William English, the co-inventor of the computer mouse dies at 91

Sad news for the technology sector, with the loss of william english, one of the pioneers of the modern interface of computers and a fundamental part in the development of the first computer mouse, after confirmation of his death during the past July 26 due to respiratory failure at the age of 91 years.

An electrical engineering student at the University of Kentucky, and a United States Marine until 1950, English joined a Northern California research laboratory called Stanford Research Institute (currently known as SRI International). During his stay there, he contributed to his main project together with Douglas Englebart, with the development of a new computer model that could be used not only by specialists, as was the case then, but also by people without technical knowledge.

His multifaceted experimental computer, called the “oLLine System” or NLS, was unveiled on December 9, 1968 at an event in San Francisco that was registered as “The Mother of all demonstrations”. And it is that many previously unknown concepts were shown in it, such as the first graphical user interfaces for computer use with combined interaction with the mouse and cursor, online text editing, video calls or links hypertext.

Although even more impressive was his contribution to the development of the mouse, presented in the NLS project itself. And it is that although Englebart is considered the visionary of this device, English was one of the few people who really understood the ideas and had the talent to bring them to fruition, being able to build the first functional prototype of this peripheral just by seeing the drawings and sketches of your partner.
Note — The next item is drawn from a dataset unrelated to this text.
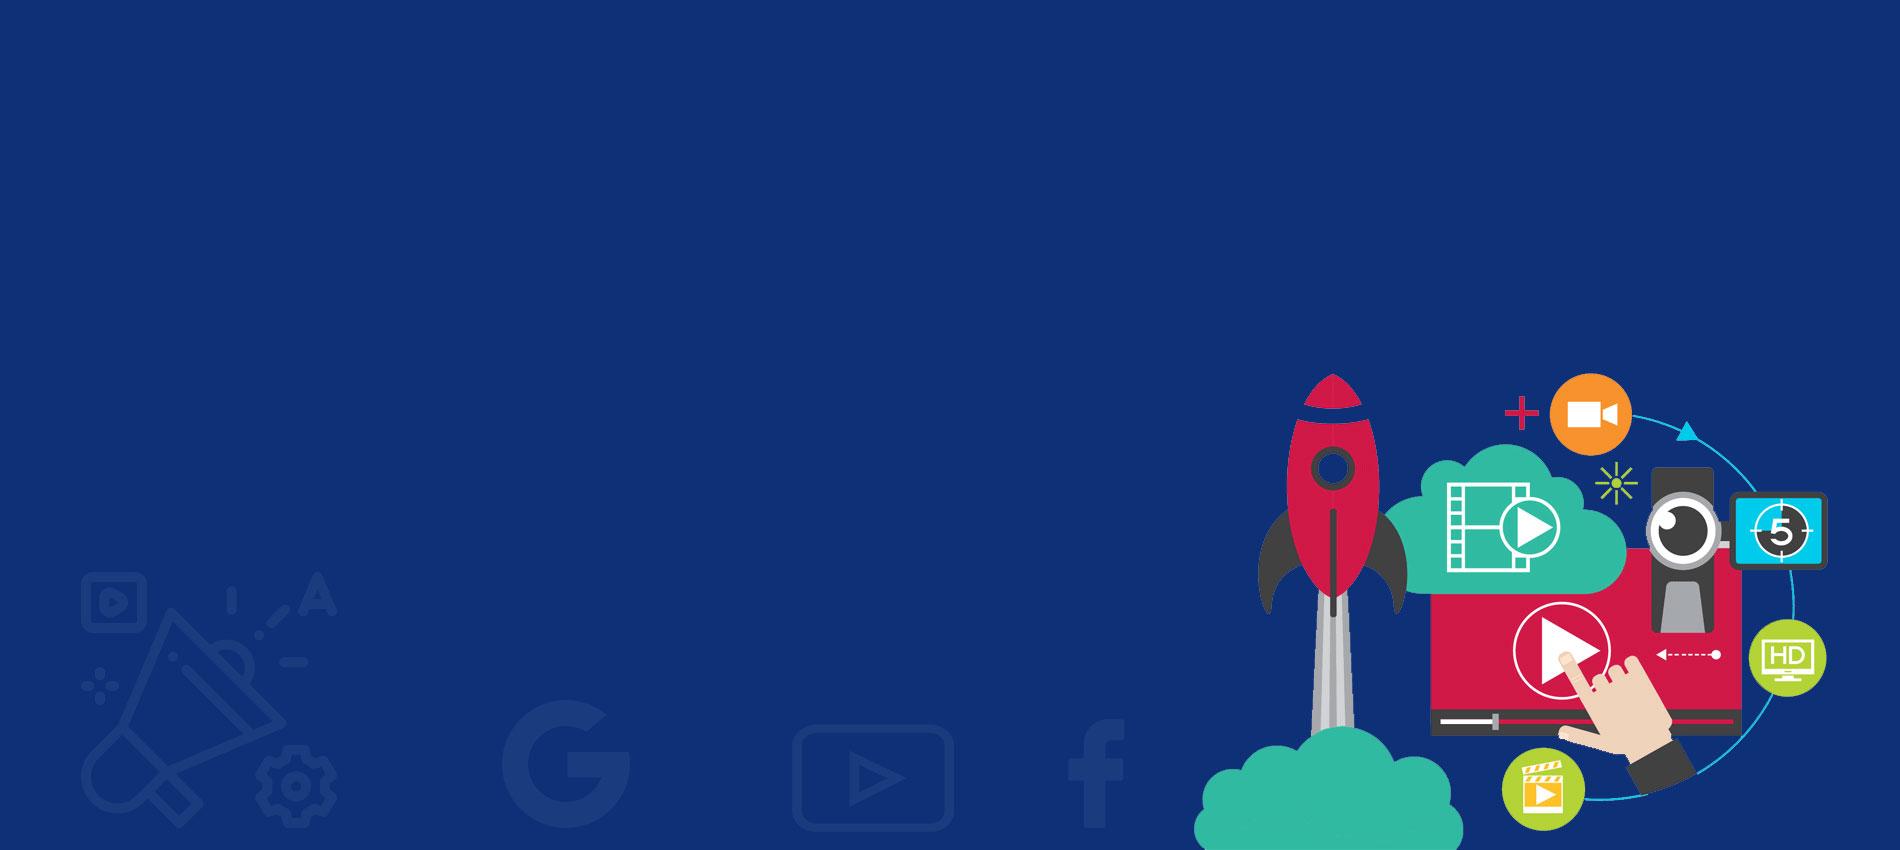 Dịch vụ google adwords

Years later, William English joined a new Xerox laboratory called the Palo Alto Research Center, or PARCwhere he helped tailor many of the NLS ideas to a new machine called «Stop», which later became a template for the development and creation of Apple Macintosh, the first Microsoft Windows personal computers, and other devices connected to the Internet.

All of them elements that not only meant an enormous accessibility of use for both professional and general pubic at the time, but would be polished in computers over the course of the following decades to become one of the fundamental bases for computers used in today.

For all this, from MuyComputer we want to pay this heartfelt tribute, thanks, and farewell to William English.